None of this bothers the average Cuban, he writes, because unnamed American government officials and "prominent dissidents acknowledge" that "the ruling Communist Party would win 80 percent of the electorate" if the country ever got around to having an election. So why not test this theory and silence international critics? Because not even the regime believes that they have the support of the country's vast proletariat. As one student recently told the New York Times, young Cubans "don't believe in a world where the Internet is forbidden and your whole world is Cuba with the rest blocked out." Indeed, even Eloy Gutierrez Menoyo, the leftist dissident Penn cites, recently told a reporter that "Talk to young people, and 90 percent will tell you their dream is to leave the country."

But there is no need to leave, even if such a thing was allowed, he explains, because Castro the Slightly Younger is ambling down the road to freedom and greater openness. Take this sentence, in which Penn argues, without any evidence, that the rise of Raul Castro could provoke a wave of democratic reforms: "In a report by the Council on Hemispheric Affairs, US State Department spokesman John Casey [sic] acknowledges that Raulism could lead to 'greater openness and freedom for the Cuban people.'"

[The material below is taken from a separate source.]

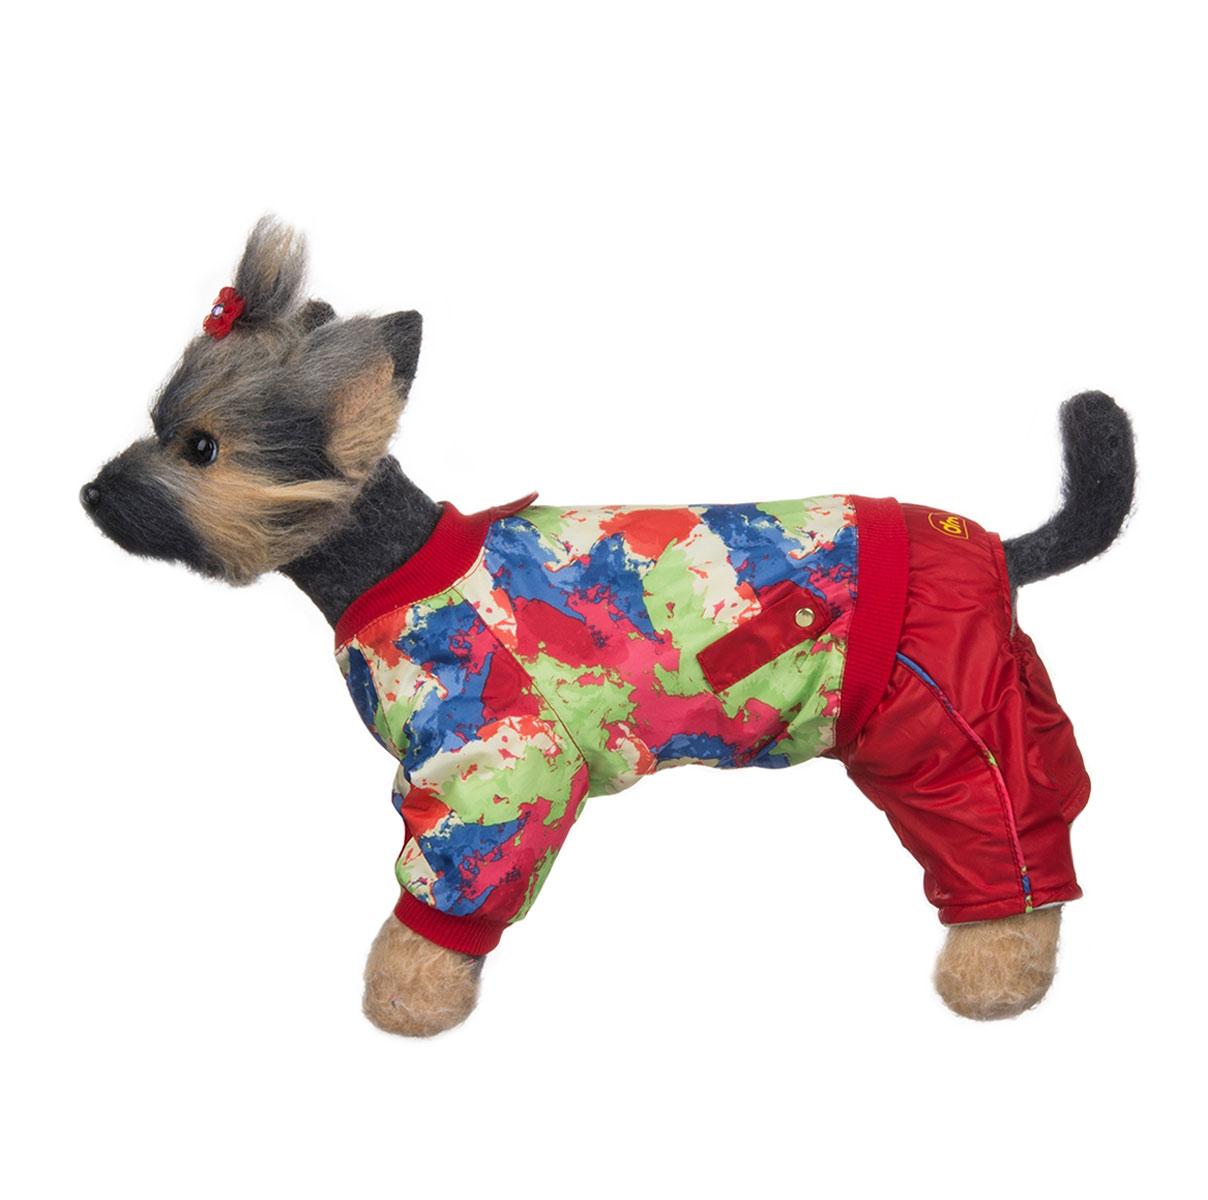 Комбинезон для собак Dogmoda Акварель, для девочки, цвет: красный, синий, зеленый. Размер 1 (S)DM-150311-1Комбинезон для собак Dogmoda Акварель отлично подойдет для прогулок поздней осенью или ранней весной. Комбинезон изготовлен из полиэстера, защищающего от ветра и осадков, с подкладкой из флиса, которая сохранит тепло и обеспечит отличный воздухообмен. Комбинезон застегивается на кнопки, благодаря чему его легко надевать и снимать. Ворот, низ рукавов оснащены широкими трикотажными манжетами, которые мягко обхватывают шею и лапки, не позволяя просачиваться холодному воздуху. На пояснице комбинезон декорирован трикотажной резинкой. Благодаря такому комбинезону простуда не грозит вашему питомцу и он не даст любимцу продрогнуть на прогулке.

That this bowdlerized quote from Tom Casey actually comes from an interview with the Associated Press, quoted on the left-wing Council on Hemispheric Affairs website, says something about Penn's skills as an investigative journalist. But did Casey really suggest that Raul Castro might usher in an age of openness and freedom? Not exactly:

"The changing of the guard is not significant of and by itself," deputy State Department spokesman Tom Casey told reporters, repeatedly referring to Raul Castro as "dictator lite" or "Fidel lite.""It will be significant if in fact it leads to greater openness and freedom for the Cuban people and ultimately to a democratic transition," he said. But, he cautioned that "the general analysis is that Raul Castro is 'Fidel lite.' He is simply a continuation of the Castro regime, of the dictatorship."

There is no freedom in Cuba, nor will there be, as long as the Castro family is steering the ship of state. And the recent arrests of dissidents simply buttress what all but the most deluded have known for 50 years. But those who gasped in horror that America's elections were rigged in 2000 and 2004, that warned against a sinister plan afoot in 2008—think Greg Palast, Robert Kennedy Jr., Gore Vidal—seem not to mind systematic and acknowledged voter intimidation in Venezuela or, in the case of Cuba, the total absence of democratic elections. Why must cretinous celebrities such as Penn insist that Cubans remain guinea pigs in a failed social experiment in which he isn't required to participate?

And while it is perhaps unfair to beat up on a credulous, self-important, and solipsistic vanity journalist like Sean Penn, it does serve to remind that the Hollywood narrative of revolutionary Cuba—perpetuated by, among others, Oliver Stone, Danny Glover, Harry Belafonte, Benicio Del Toro, Steven Soderbergh, Naomi Campbell, and Michael Moore—stubbornly, like Fidel himself, refuses to die.

Michael C. Moynihan is an associate editor of reason.